Понеслись звуки этой игранной-переигранной мелодии, которую так любят играть институтки и старые девы, которую улица и шарманка обездушили и лишили всей ее прелести. Но в этих звуках давно знакомой и переставшей уже трогать нас мелодии здесь, под пальцами старика-тапера, что-то заискрилось новое. Какая-то неуловимая нотка прорезала низкие густые аккорды. Нотка, в которой почудилась нам и тоска — наша собственная, вот-вот ожившая тоска, и чьи-то слезы — не те, давно слышанные в этой мелодии слезы — а новые, идущие сверху, с небес. Кто-то большой и сильный плакал о ком-то, кому и тяжко, и страшно, и выхода нет,
Так нам показалось. Позже и Самуил признавался мне, что он именно так переживал эти несколько мгновений.
Но вот в музыку ворвались какие-то чуждые звуки.
Какой-то шум неожиданно и грубо нарушил гармонию.
В зале задвигали стульями, зазвенели каким-то серебряным звоном, громко заговорили, засмеялись.
Мы оглянулись. По широкой лестнице, ведущей из верхнего этажа, где помещалась гостиница, спускалась большая группа офицеров.
Впереди шел высокий генерал с пушистыми бакенбардами-усами, тщательно расчесанными в обе стороны. На шее у него тускло поблескивал темный с эмалью крест ордена.
Самуил тронул меня за руку. Я вздрогнул. Я вспомнил, я почувствовал всё, всё...
Это был он. Тот, кто властным и жестоким пришел сюда карать, наводить порядок. Впереди кого бежала стоустная молва, повествовавшая об ужасах, о крови...
Офицеры шумно расселись вокруг столиков, быстро заполнив весь сравнительно большой зал. Сразу загудело многолюдие вокруг, раскатился хохот. Оживленные, смеющиеся все сразу они и не заметили нас.
Звуки, ворвавшиеся с пришедшими в зал, оттолкнули куда-то музыку. Как-то потускнела она, точно надломил ее кто-то. И мы, до того времени так внимательно слушавшие старую песню, вдруг потеряли к ней всякий интерес.
Недалеко от нас за столик уселись двое — молодой высокий поручик и пожилой, какой-то усталый, судя по погонам, военный врач. Поручик что-то долго объяснял почтительно и оживленно перегнувшемуся пред ним лакею. Доктор равнодушно позевывал и кидал рассеянные взгляды по сторонам. Мельком взглянул он и в нашу сторону. Прищурил глаза и, вдруг оживившись, сделал какое-то движение губами. Потом перевел свой взгляд на старика-тапера.

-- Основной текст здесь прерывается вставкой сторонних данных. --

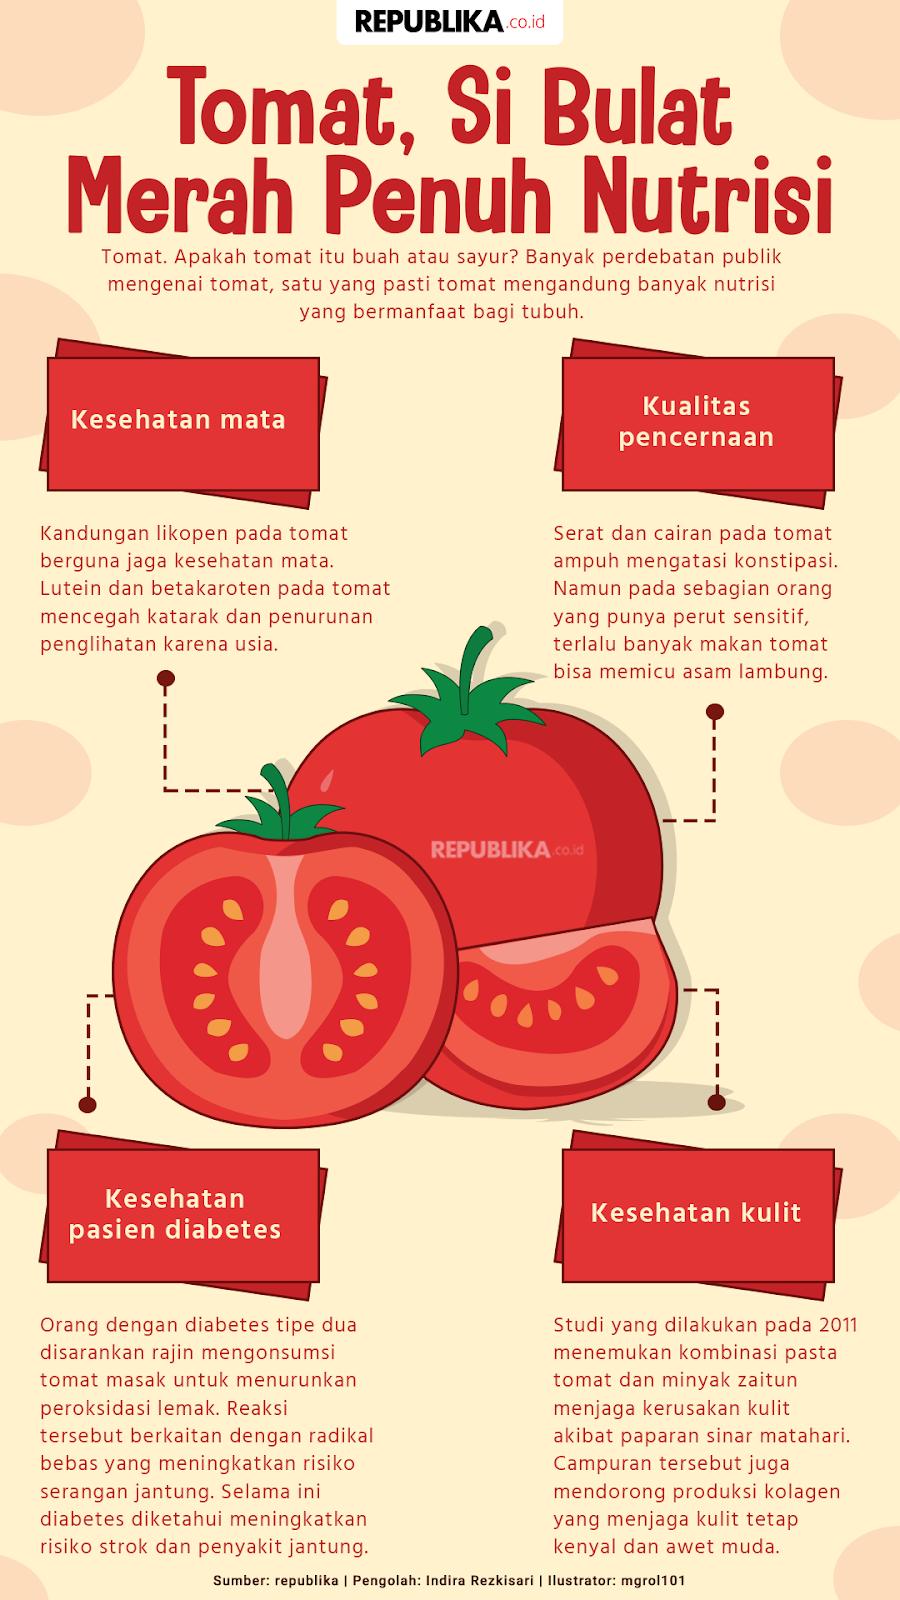 Manfaat Tomat yang Kaya Nutrisi bagi Tubuh Manusia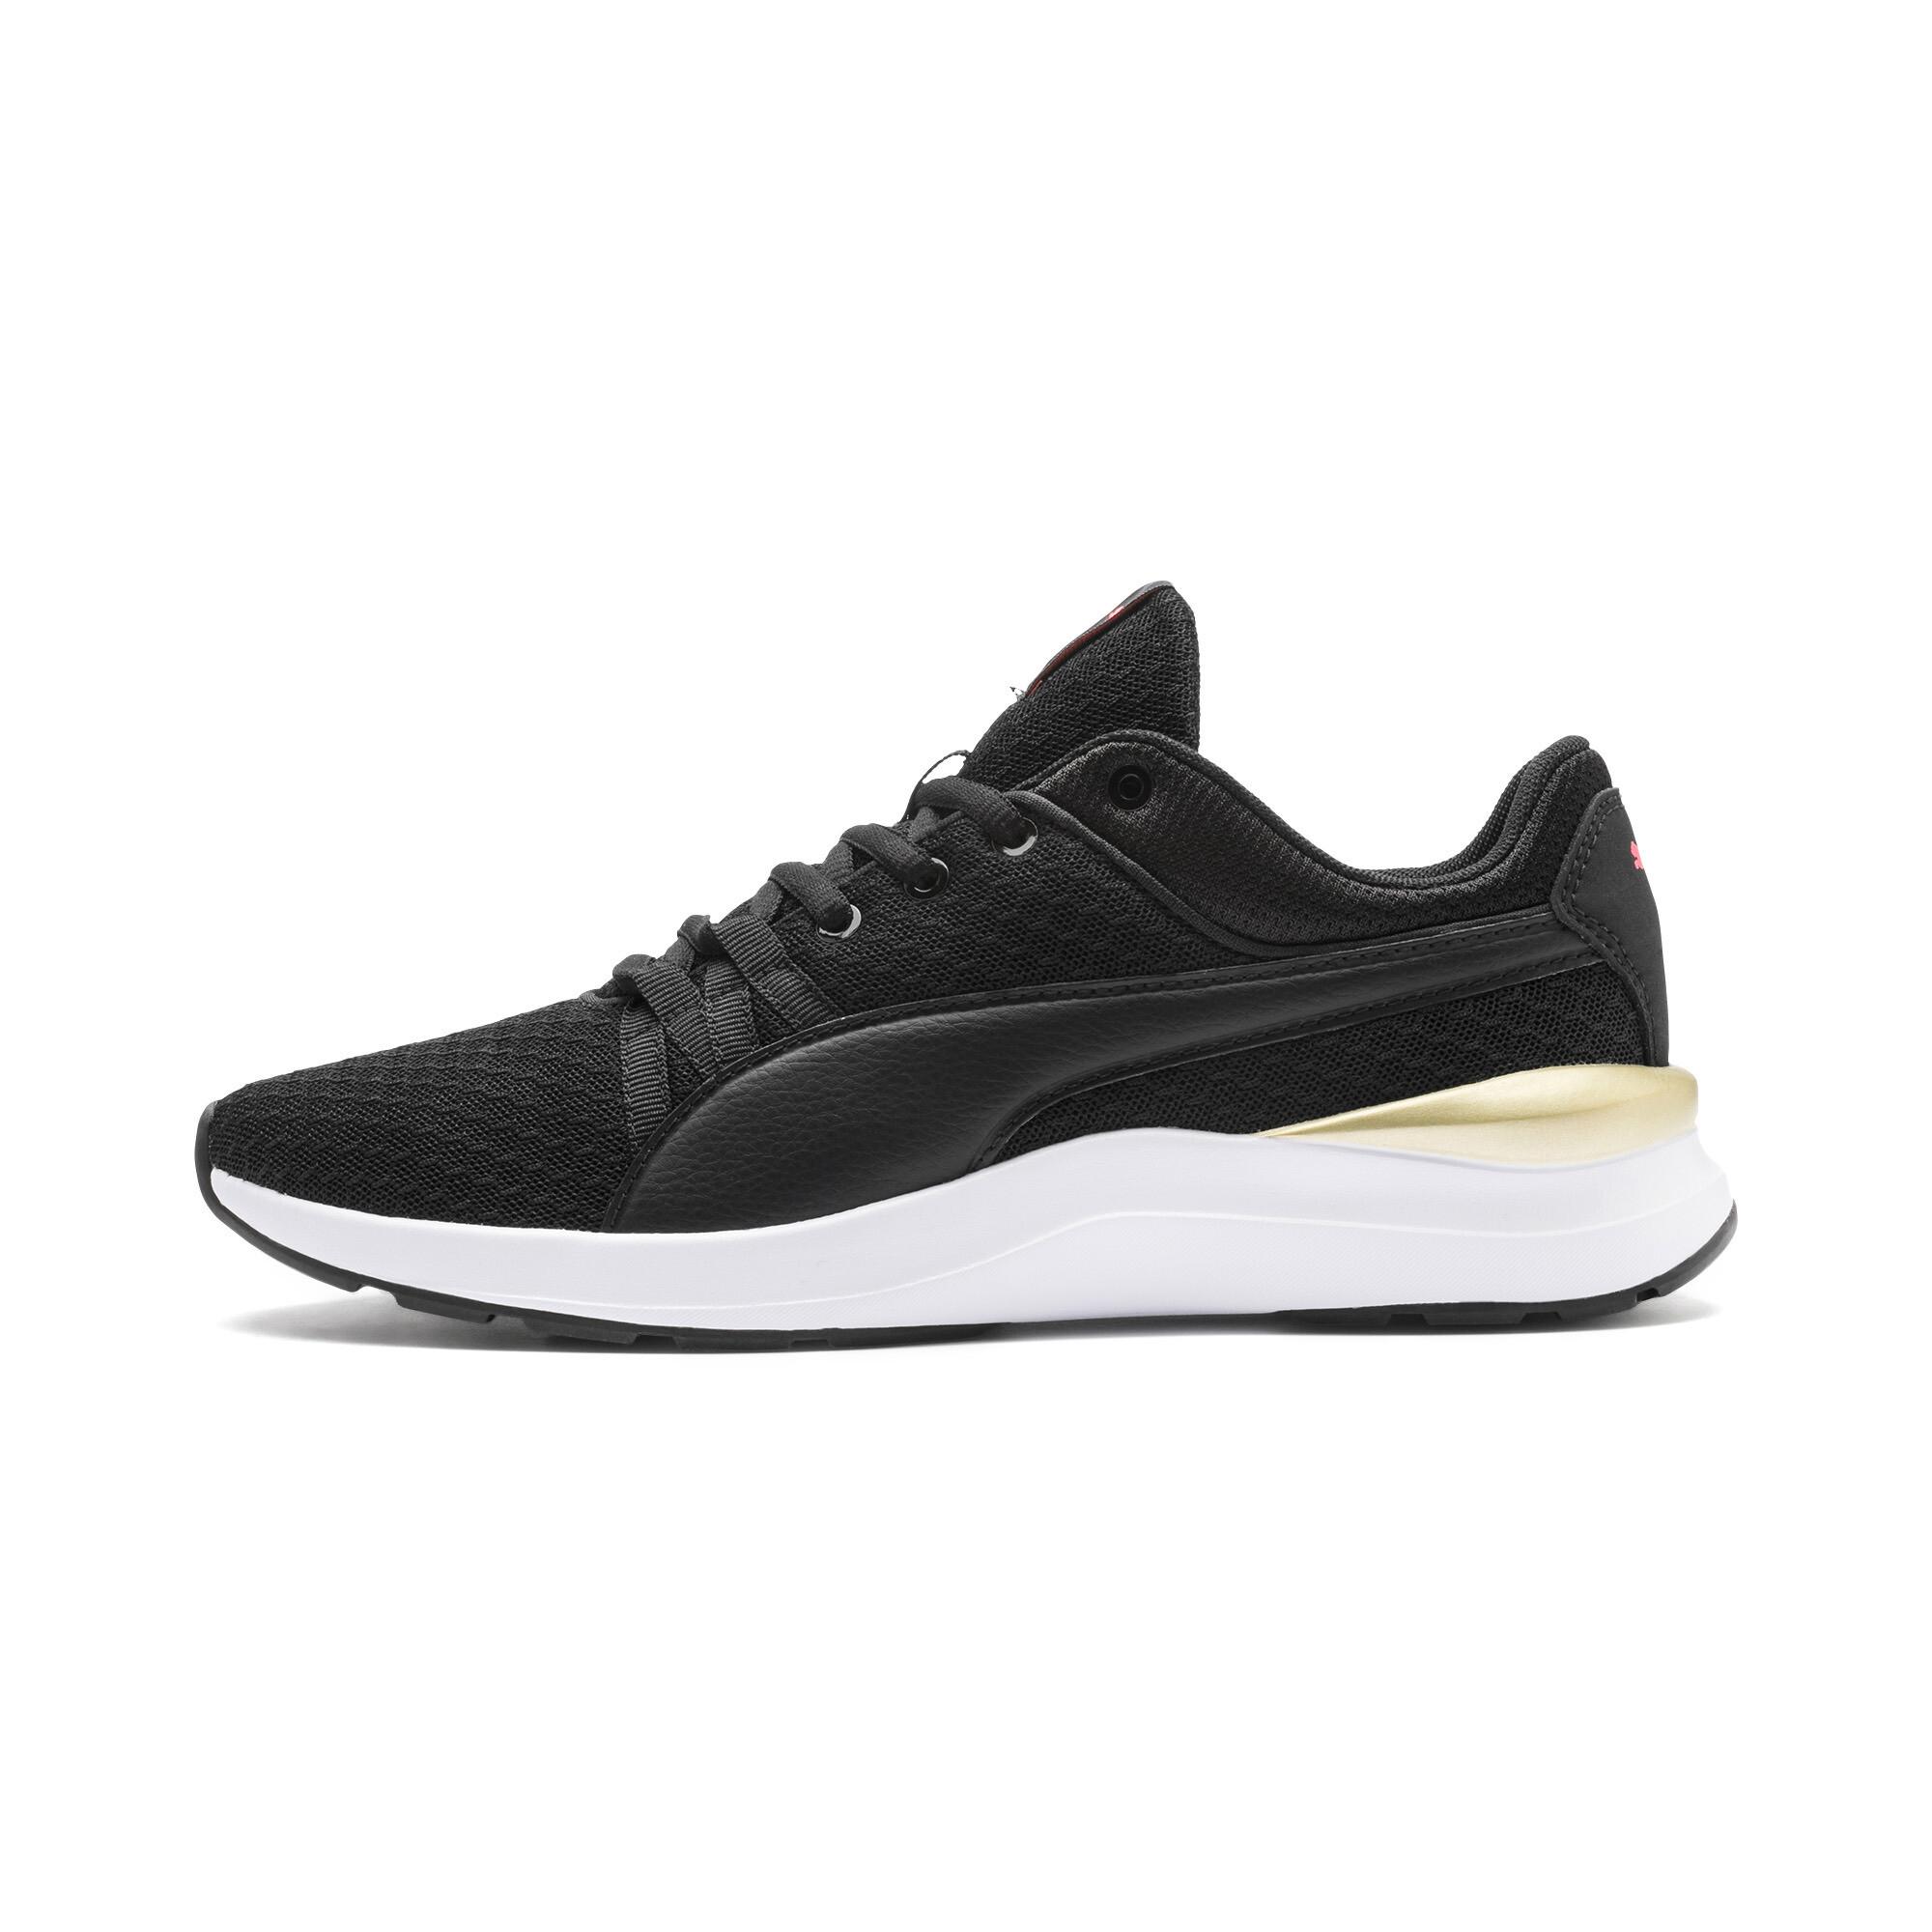 PUMA-Adela-Core-Women-s-Sneakers-Women-Shoe-Basics thumbnail 4

Офицер, отпустив лакея, тоже взглянул на нас. Взгляды наши встретились. Он встрепенулся, поднял голову и раздул ноздри. Потом усмехнулся, поиграл пальцами по белой скатерти и вдруг, быстро поднявшись, пошел к музыканту. И, заглушая звуки музыки, громко, отчетливо приказал ему.
— Брось эту ерунду!... Играй матчиш!... матчиш!... — Старик, вздрогнув, оторвал на мгновение пальцы от клавиш и что-то ответил невнятно офицеру, продолжая играть теперь уже бесцветную, потерявшую свою душу, свой огонь мелодию.
— Я тебе говорю — брось! — гневно повторил поручик. Звуки разом оборвались. Замерли.
Врач лениво встал, подошел к поручику и, взяв его под руку, повел к столу.
— Плюньте... Стоить ли волноваться! — успокоительно сказал он ему и кинул быстрый и тревожный взгляд в нашу сторону.
Тогда неожиданно Самуил, у которого лицо побелело и руки начинали вздрагивать, звенящим голосом отчеканил:
— Молитву Девы... эту ерунду заказали мы и мы желаем дослушать ее до конца...
Поручик побагровел, вырвал свою руку из руки державшего его врача, сверкнул злым взглядом и тоже звенящим, полным угрозы голосом вызывающе бросил:
— Что-о?!.
И так на мгновение — долгое и жуткое мгновение мы все замерли, впившись взглядами один в другого...
Но запрыгали, забегали внезапно буйно веселые звуки, закружился рождающий темное волнение мотив, наполнив удалью своей и своей властью каждый уголок зала, заволновался вокруг нас, дразня и успокаивая нашу злобу, — и порвал долгое мгновение.
Поручик круто повернулся, по его губам проползла усмешка и он сел на свое место.
Быстро вплотную к нам подошел врач. Бледный, схватил он мою руку и свистящим шёпотом, в котором слышались и какая-то странная злоба, и неожиданная забота, забота о нас, заговорил:
— Что вы делаете?.. Уходите... я вам говорю — уходите. Что вы делаете?!.
И быстро же отошел от нас к своему спутнику, который насмешливо смотрел на нас, закинув ногу на ногу и нервно отбивая носком сапога такт гремевшего матчиша...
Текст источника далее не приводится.